Briefs were also filed on behalf of 325 tribal nations, 57 Native organizations, 31 child welfare organizations, Indian and constitutional law scholars and seven members of Congress from both parties.

“ICWA is vital to the well-being of Native children and the stability and integrity of Native families today,” the National Indian Child Welfare Association, the National Congress of American Indians, the Association on American Indian Affairs and the Native American Rights Fund said in a joint statement after the hearing.

“We can’t afford to go back to the days when massive numbers of Native children were forcibly removed from their loved ones and were often separated from their families with little hope of ever seeing them again,” the organization said. “It’s not an option.”

Regardless of the way the 5th Circuit rules on ICWA, further appeals are expected. The court could be asked to put the case to a larger panel of judges, meaning another hearing would be required.

An appeal to the Supreme Court, whose membership has shifted in a more conservative direction, is also a reality. The last ICWA case that went before the justices was Adoptive Couple v. Baby Girl and it didn't turn out so well for tribal interests.

In the 5-4 decision, the court allowed a non-Indian couple to adopt a Cherokee Nation girl over the objections of her biological father, who is a citizen of the tribe. The majority opinion written by Justice Samuel Alito was the one that sounded the alarms on the "ICWA trump card."

The five justices who went against tribal interests in that June 2013 ruling remain on the court. In contrast, one of the members who defended the ICWA rights of the Cherokee parent, is no longer there.

"This father wants to raise his daughter, and the statute amply protects his right to do so," the late justice Antonin Scalia wrote in his dissent. "There is no reason in law or policy to dilute that protection."

ICWA and Congress
In passing the Indian Child Welfare Act in 1978, Congress reacted to a crisis of Indian children being taken from their communities at high rates, often without input from their families or their tribal governments.

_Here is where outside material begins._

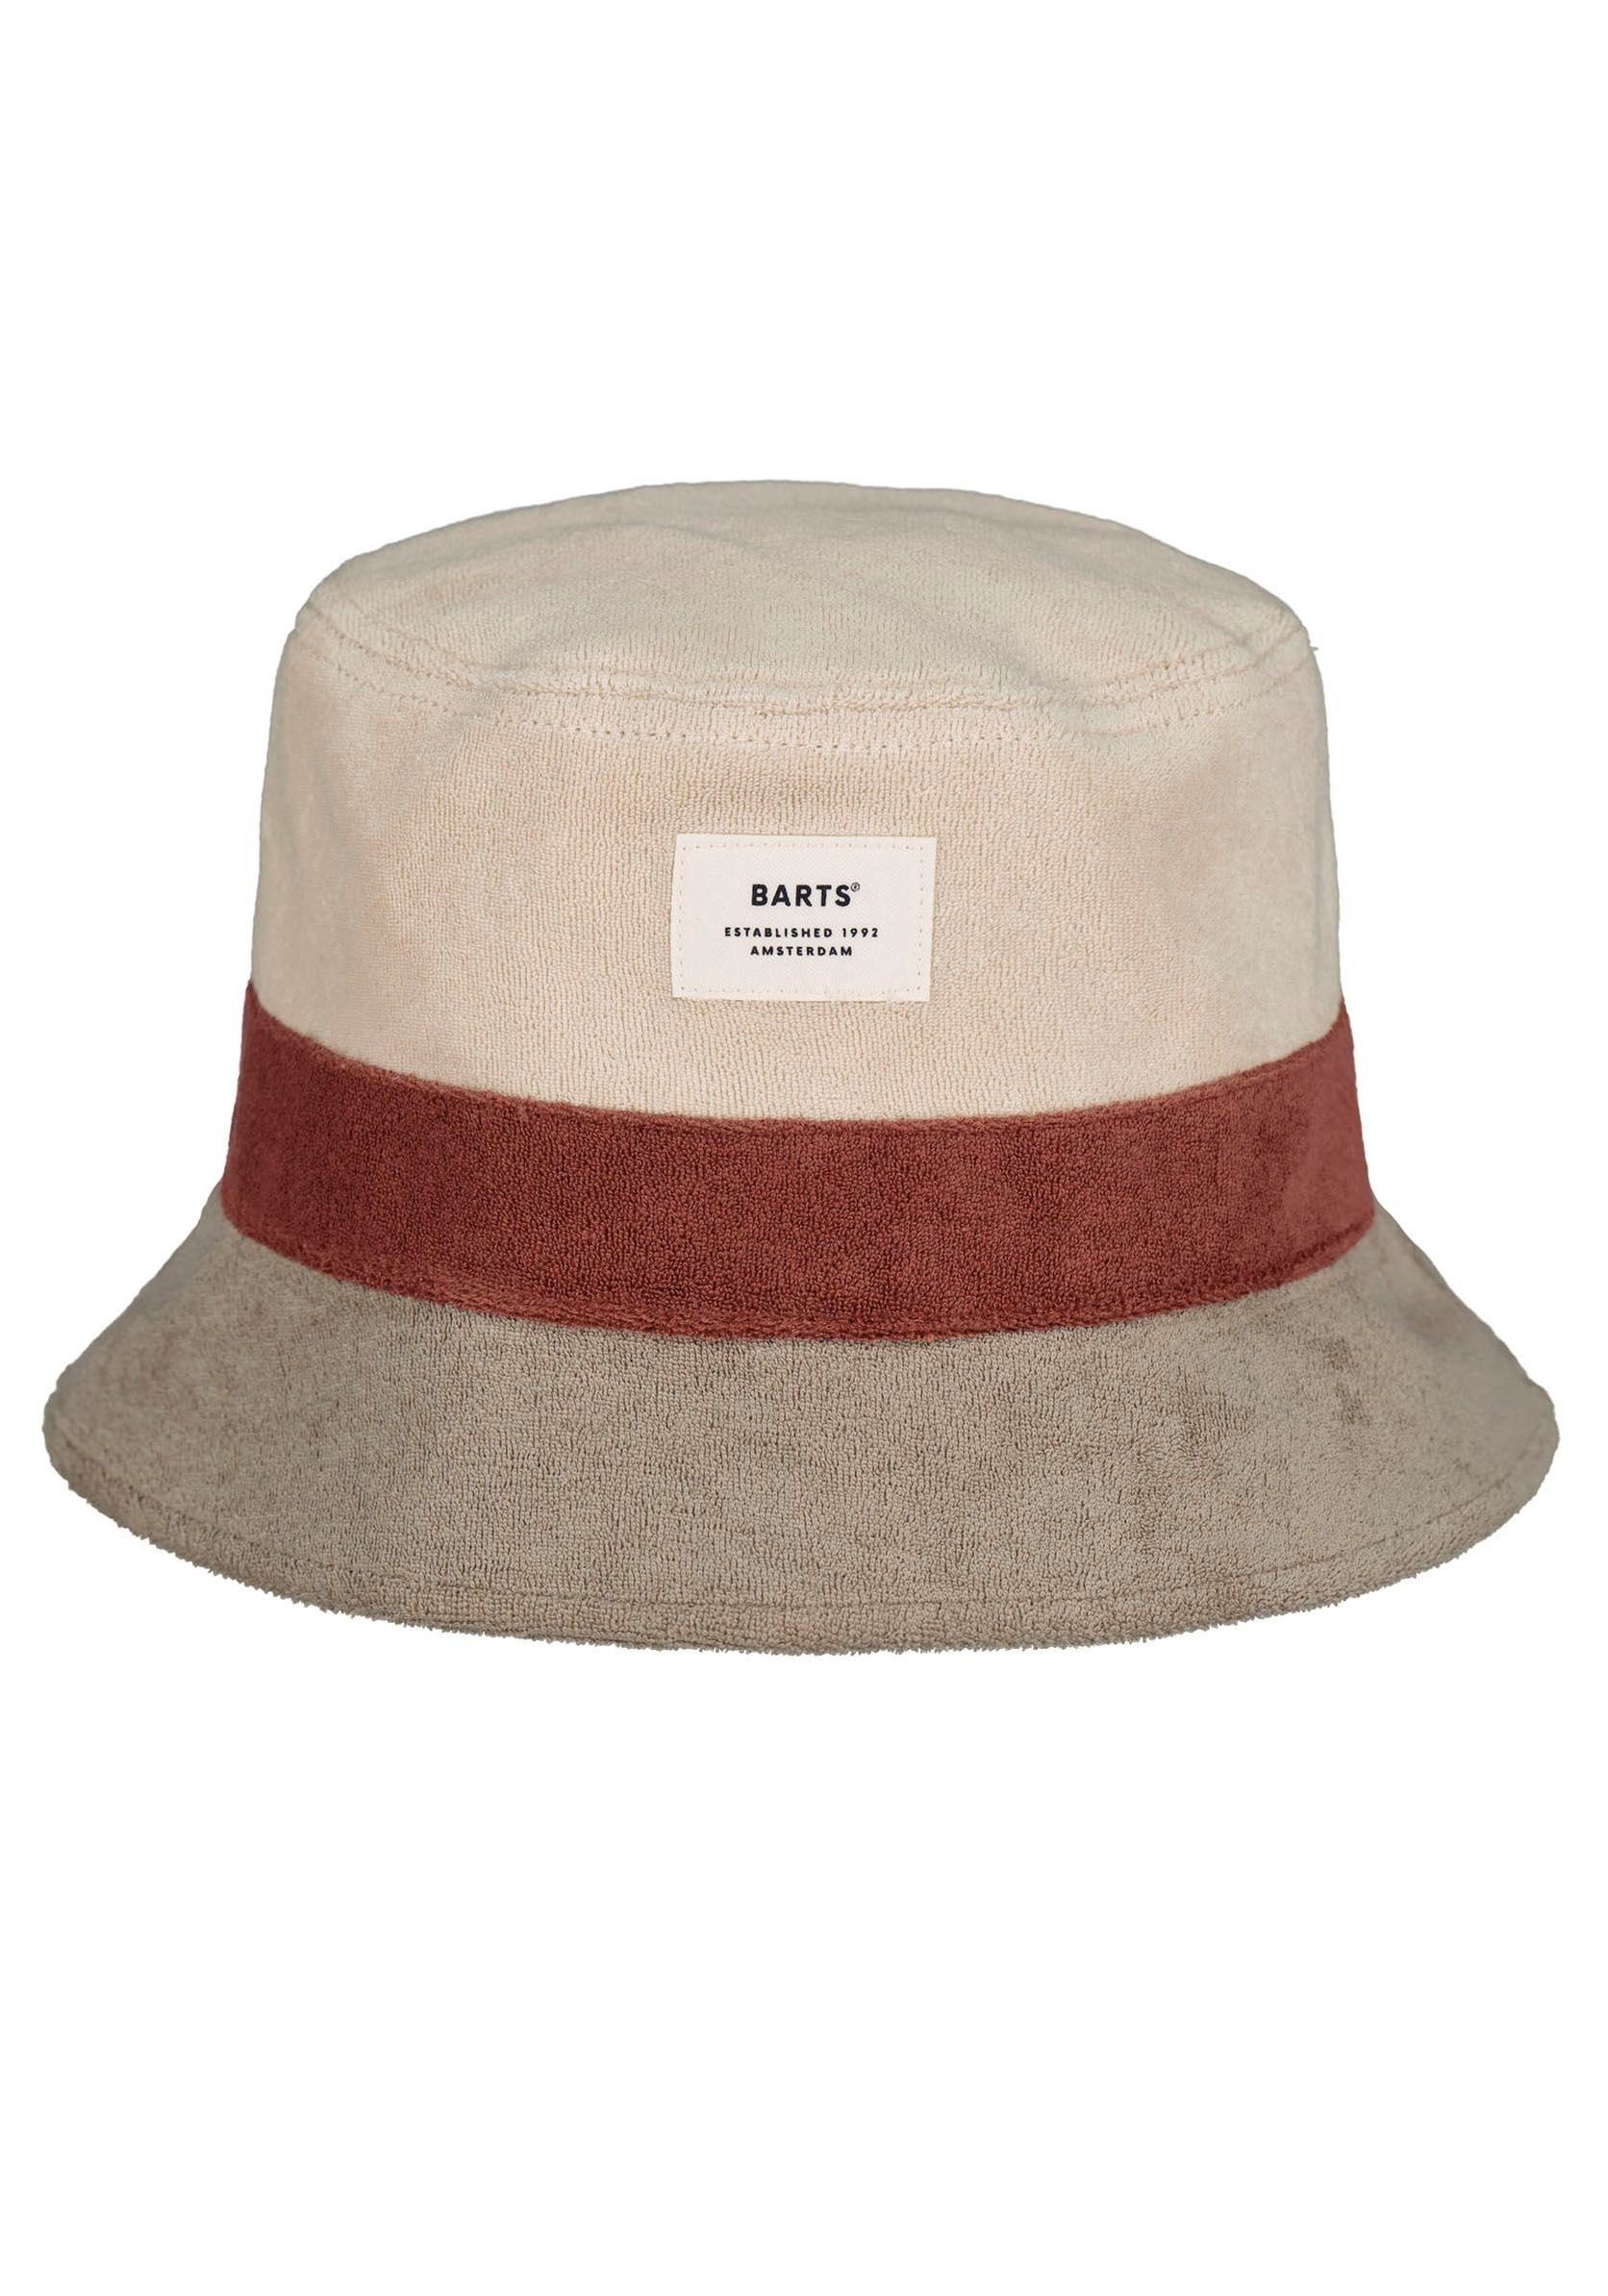 Fischerhut weicher Barts Hut Damen Hat, Gladiola Moderner

Key findings from the law:

• "[T]here is no resource that is more vital to the continued existence and integrity of Indian tribes than their children and that the United States has a direct interest, as trustee, in protecting Indian children who are members of or are eligible for membership in an Indian tribe"

• "[A]n alarmingly high percentage of Indian families are broken up by the removal, often unwarranted, of their children from them by nontribal public and private agencies and that an alarmingly high percentage of such children are placed in non-Indian foster and adoptive homes and institutions" • "The Congress hereby declares that it is the policy of this Nation to protect the best interests of Indian children and to promote the stability and security of Indian tribes and families by the establishment of minimum Federal standards for the removal of Indian children from their families and the placement of such children in foster or adoptive homes which will reflect the unique values of Indian culture, and by providing for assistance to Indian tribes in the operation of child and family service programs."

ICWA and the Media

The Native American Journalists Association recently updated its guide to ethical reporting on the Indian Child Welfare Act.

"It’s not a journalist’s duty to determine if a child is Native 'enough,' but whether or not they are citizens under Tribal law," the guide states. "Reporting phenotypes and blood percentages is culturally offensive, and disregards and diminishes the political rights of Indigenous people."

The document can be found on naja.com.